[RFC,0/6] softirq: Start pushing down the big softirq lock

Message ID 20230801132441.559222-1-frederic@kernel.org
Headers
Series softirq: Start pushing down the big softirq lock |

Message

Frederic Weisbecker Aug. 1, 2023, 1:24 p.m. UTC
  Networking softirqs can take time, holding the execution of block,
tasklets, timers and RCU callbacks.

People fight hard through this big softirq lock, proposing more and
more hacks over the years to deal with the resulting fundamental
unfairness that is not only a problem for RT users.
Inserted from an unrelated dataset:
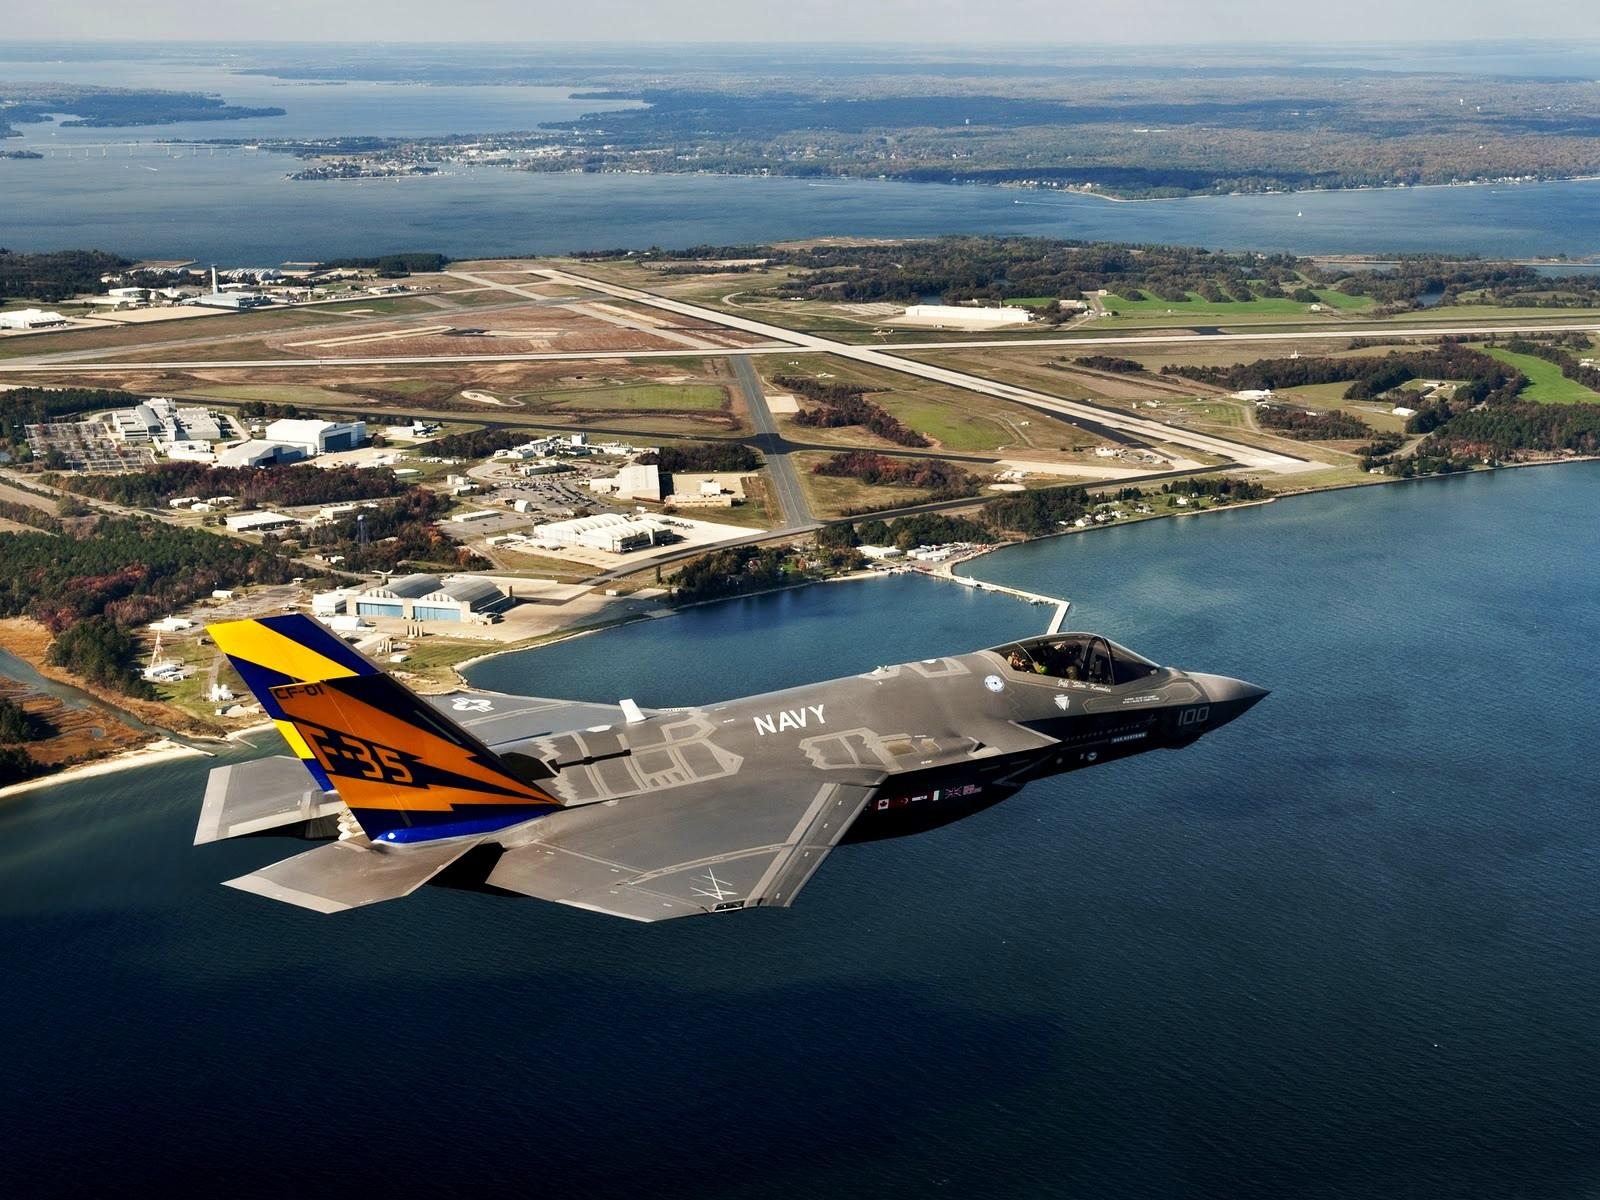 military-f35-lightning-ii-martin-f-35-ocean-lake-lockheed-water-airport-jet-plane-airplane-runway-sea-wallpaper-background-free

Here is a proposal for an entrypoint to dealing with that issue in the
long term. The purpose is to adopt a similar journey to the one we took
with the BKL push-down but with timers. Most timers are unrelated to
other softirq vectors, those can simply be tagged with the new
TIMER_SOFTINTERRUPTIBLE flag that makes a callback soft-interruptible.
The others can carry the TIMER_SOFTINTERRUPTIBLE after they get converted
to use appropriate synchronization against other vectors callbacks
(using spin_lock_bh() for example).

Once all timers are dealt with after a few years (famous last words),
they can be handled separately from the softirq infrastructure.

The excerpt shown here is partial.